> _TASK_
Transcribe, starting at the line with "יהי זכרו ברוך." and ending at the line with "红色大气简约中式婚礼画册素材", every line of the material below exactly, but leave out the pictures and anything outside that span.

> _DATA FOR ANALYSIS_
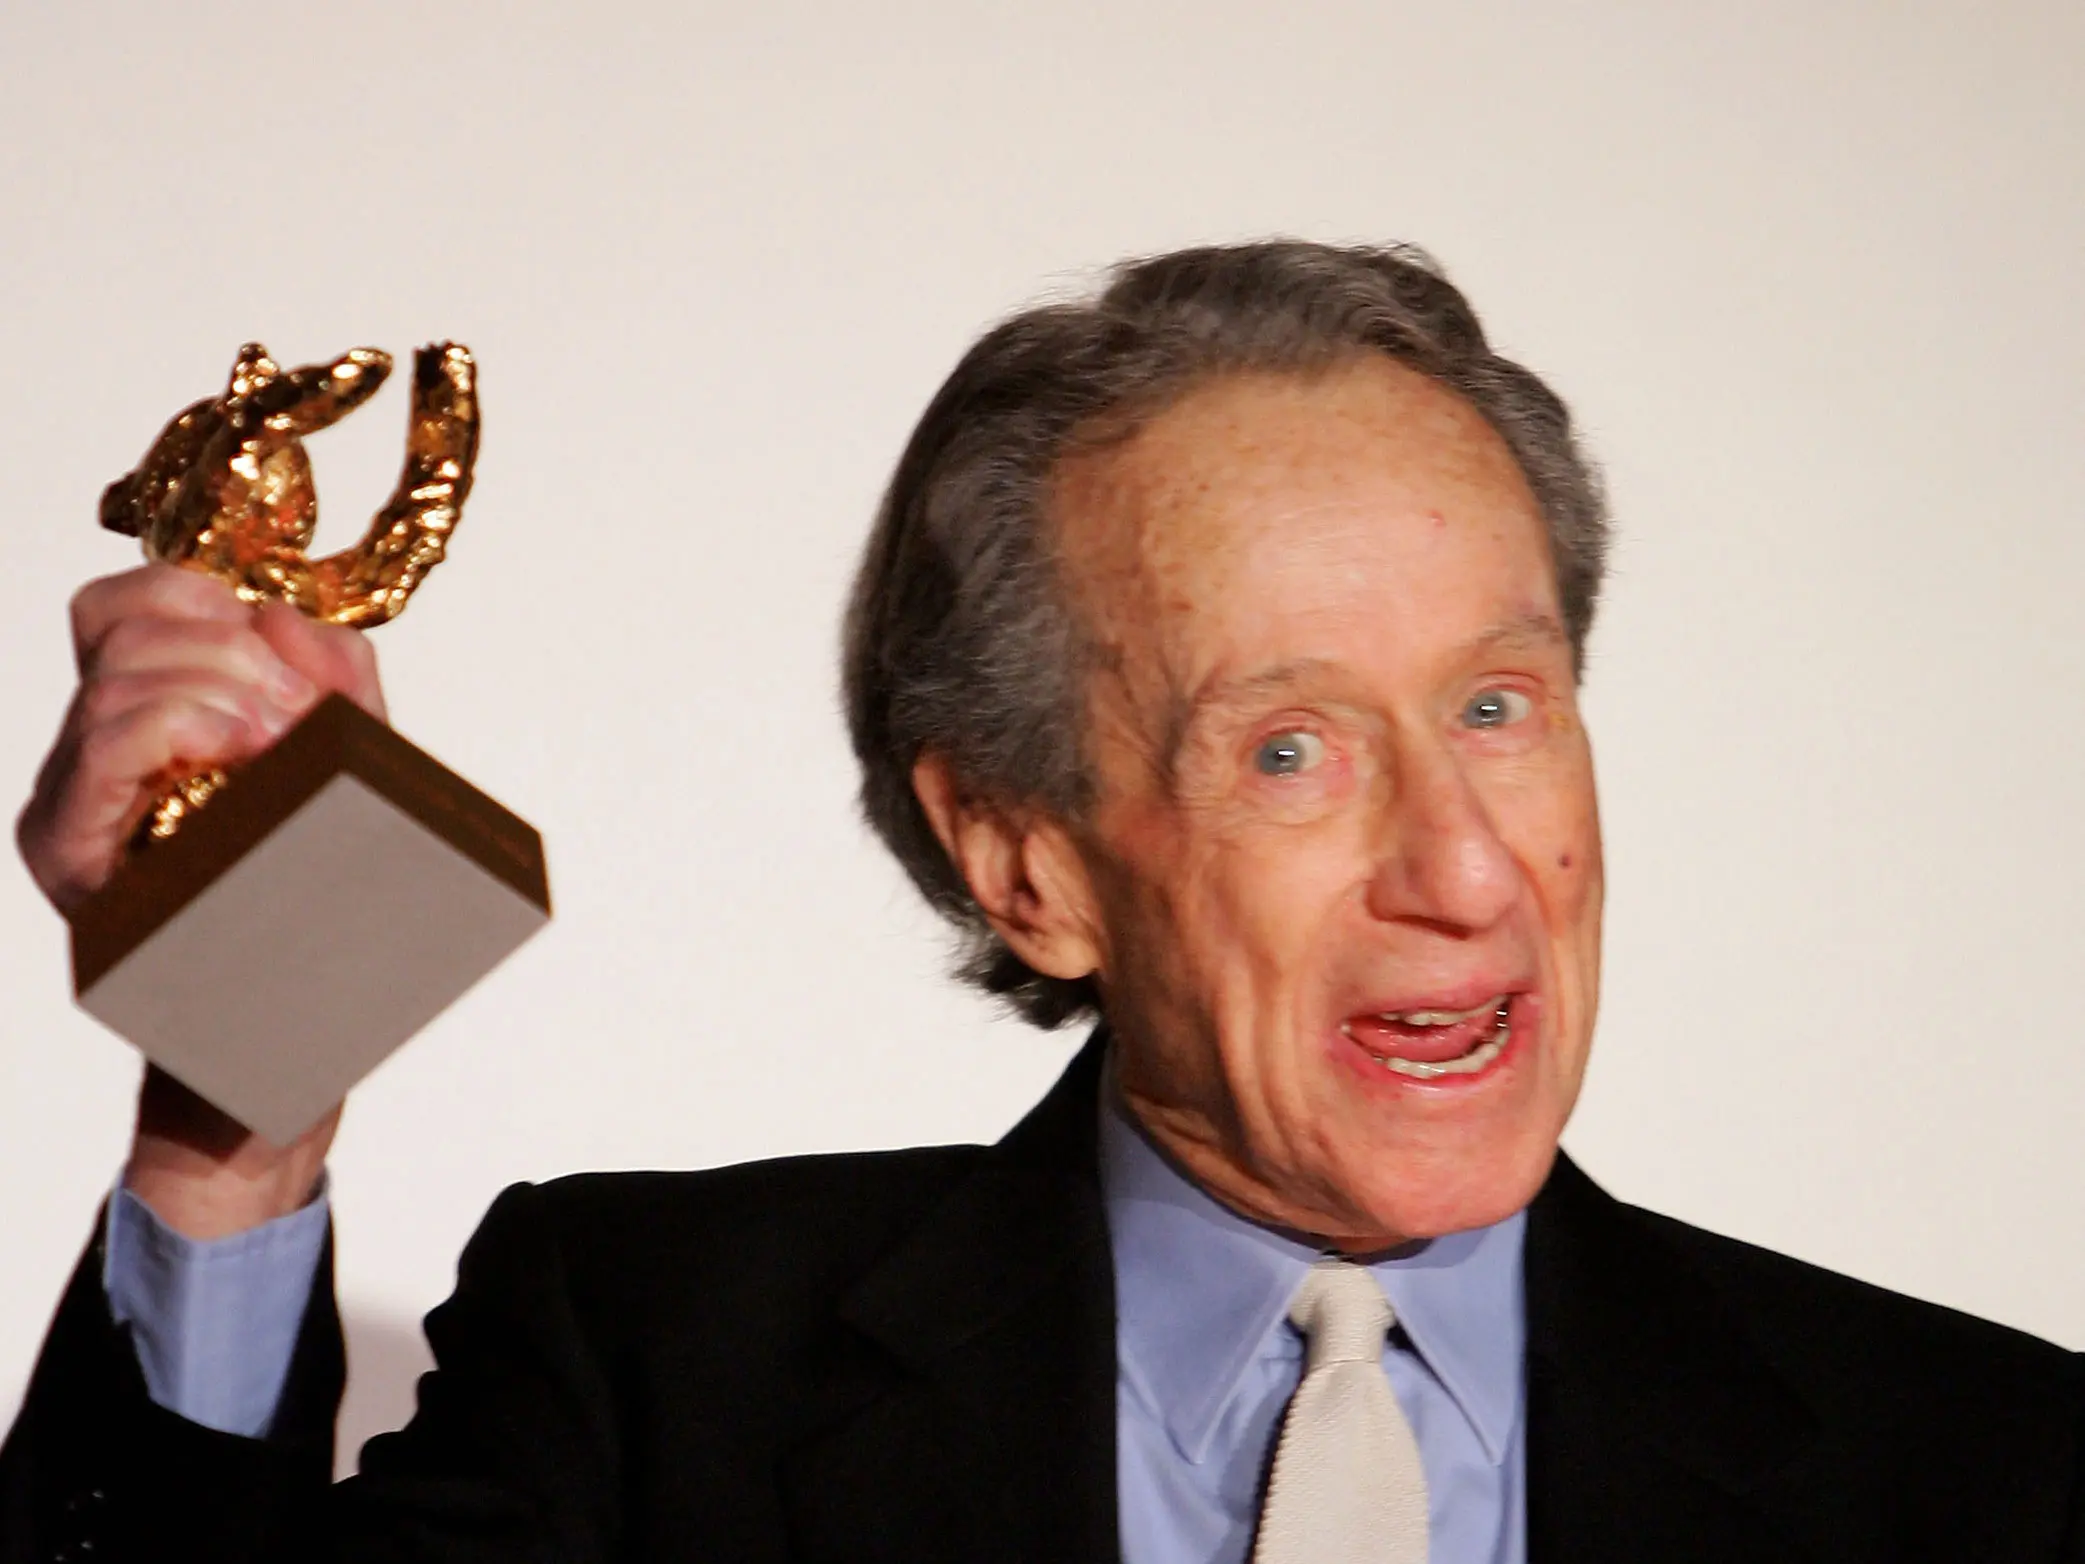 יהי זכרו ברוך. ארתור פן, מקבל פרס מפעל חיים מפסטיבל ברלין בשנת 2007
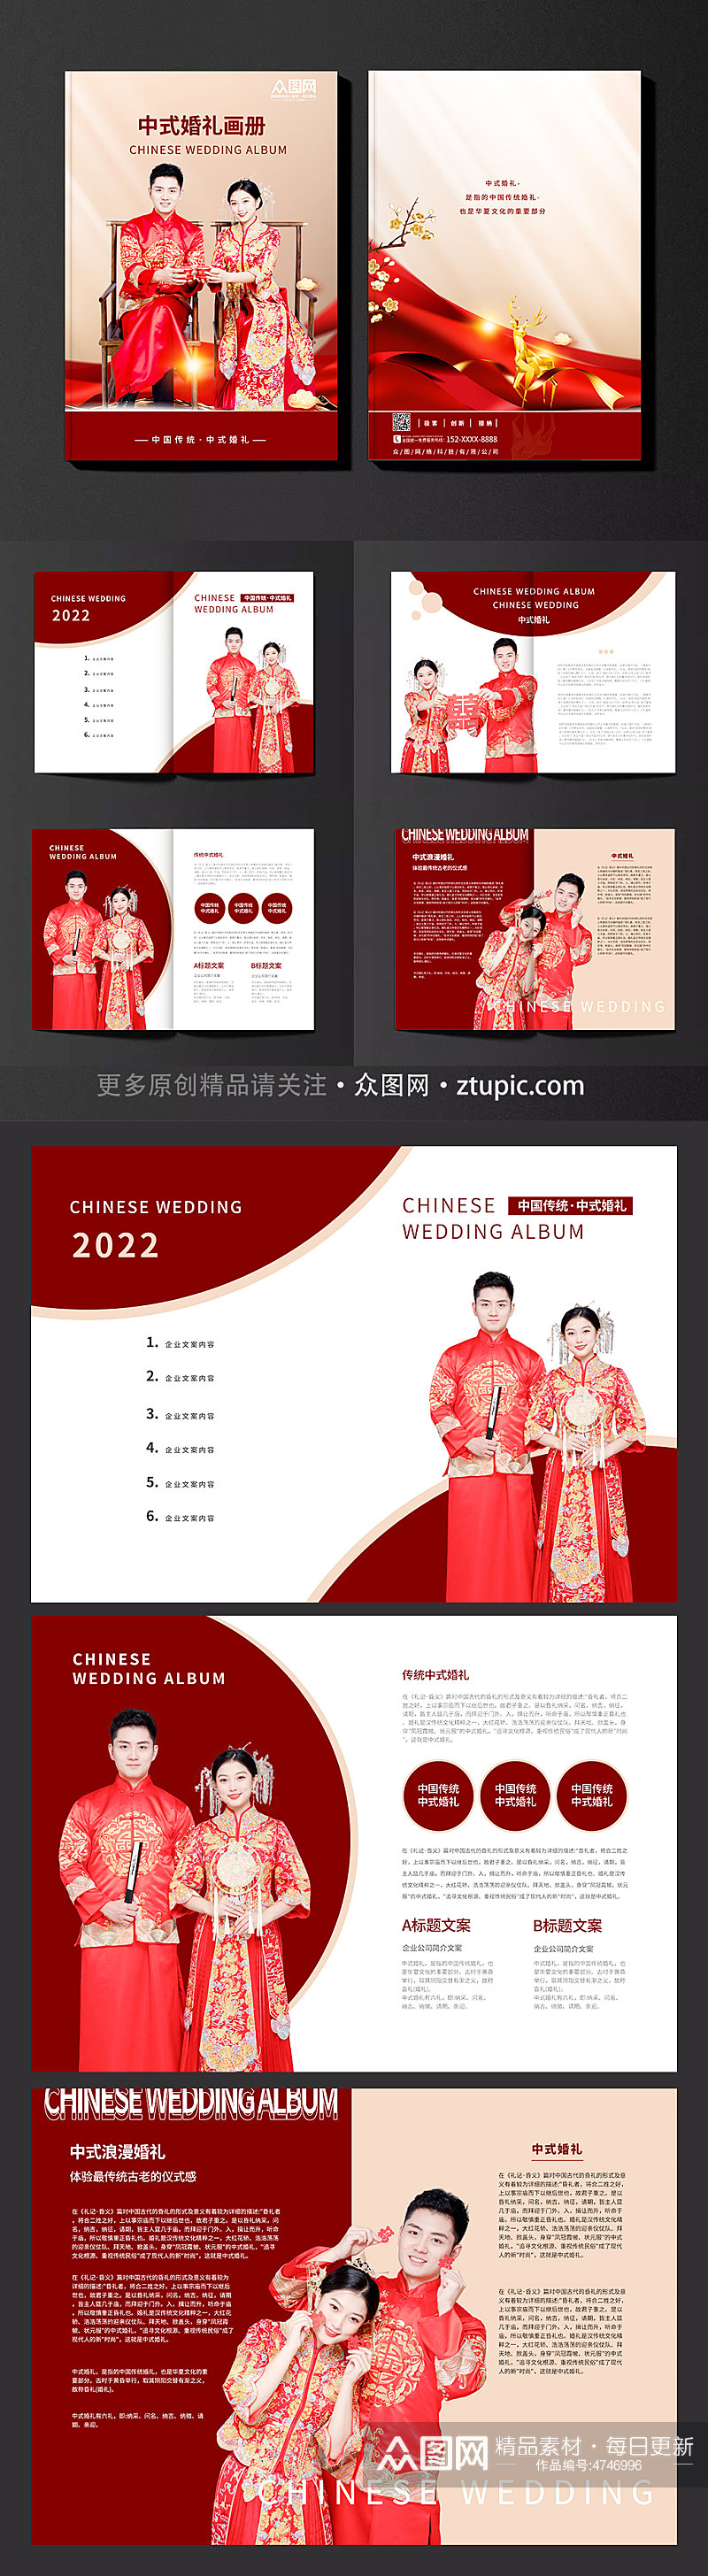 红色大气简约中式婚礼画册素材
--
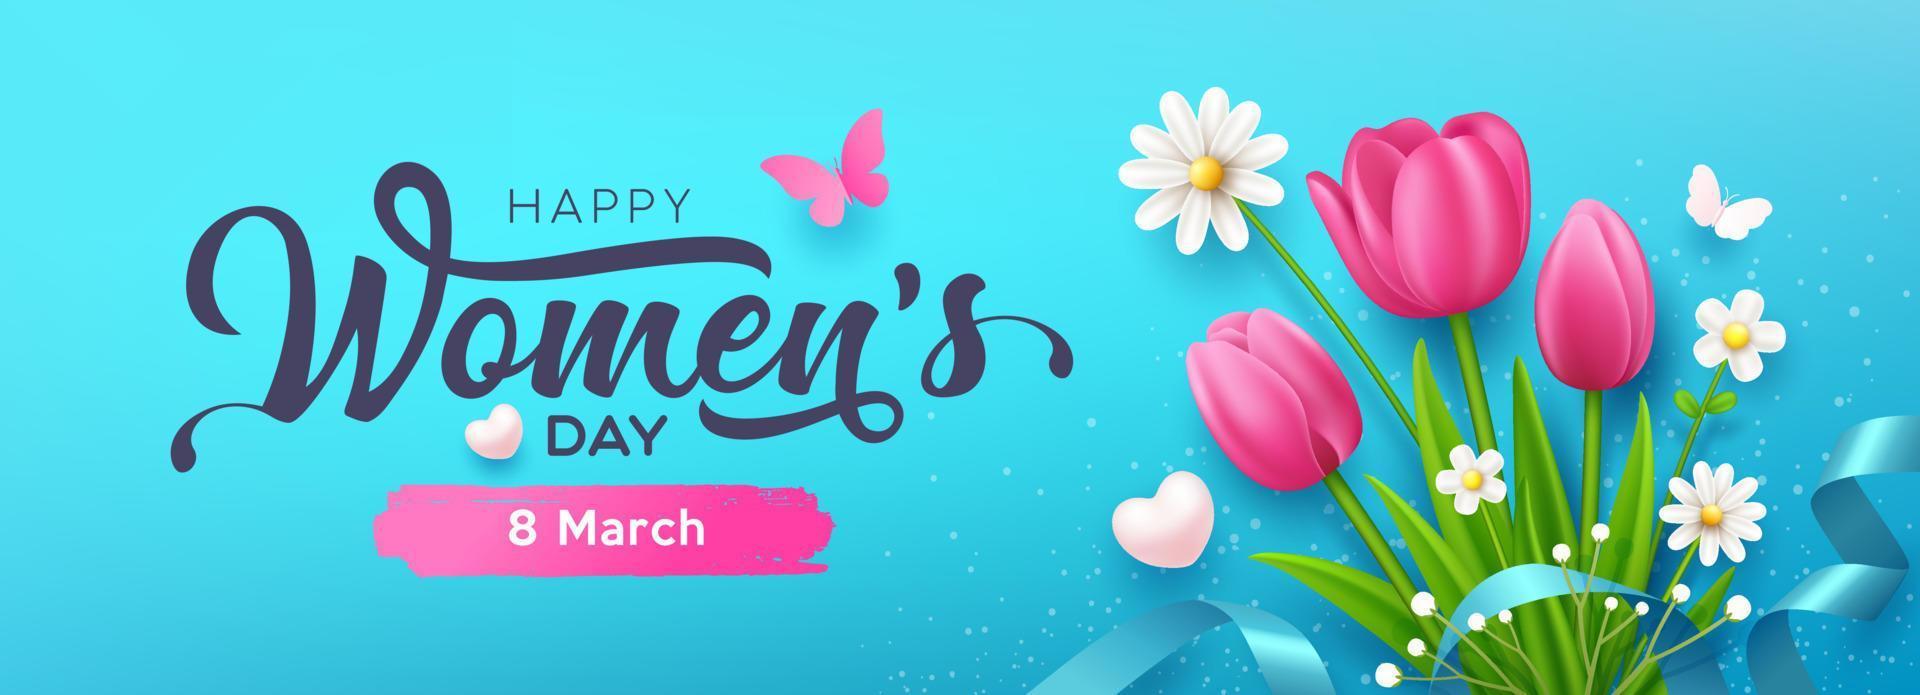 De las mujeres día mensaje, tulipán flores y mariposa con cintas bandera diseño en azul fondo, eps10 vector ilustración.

> _THE ANSWER_
 יהי זכרו ברוך. ארתור פן, מקבל פרס מפעל חיים מפסטיבל ברלין בשנת 2007
 红色大气简约中式婚礼画册素材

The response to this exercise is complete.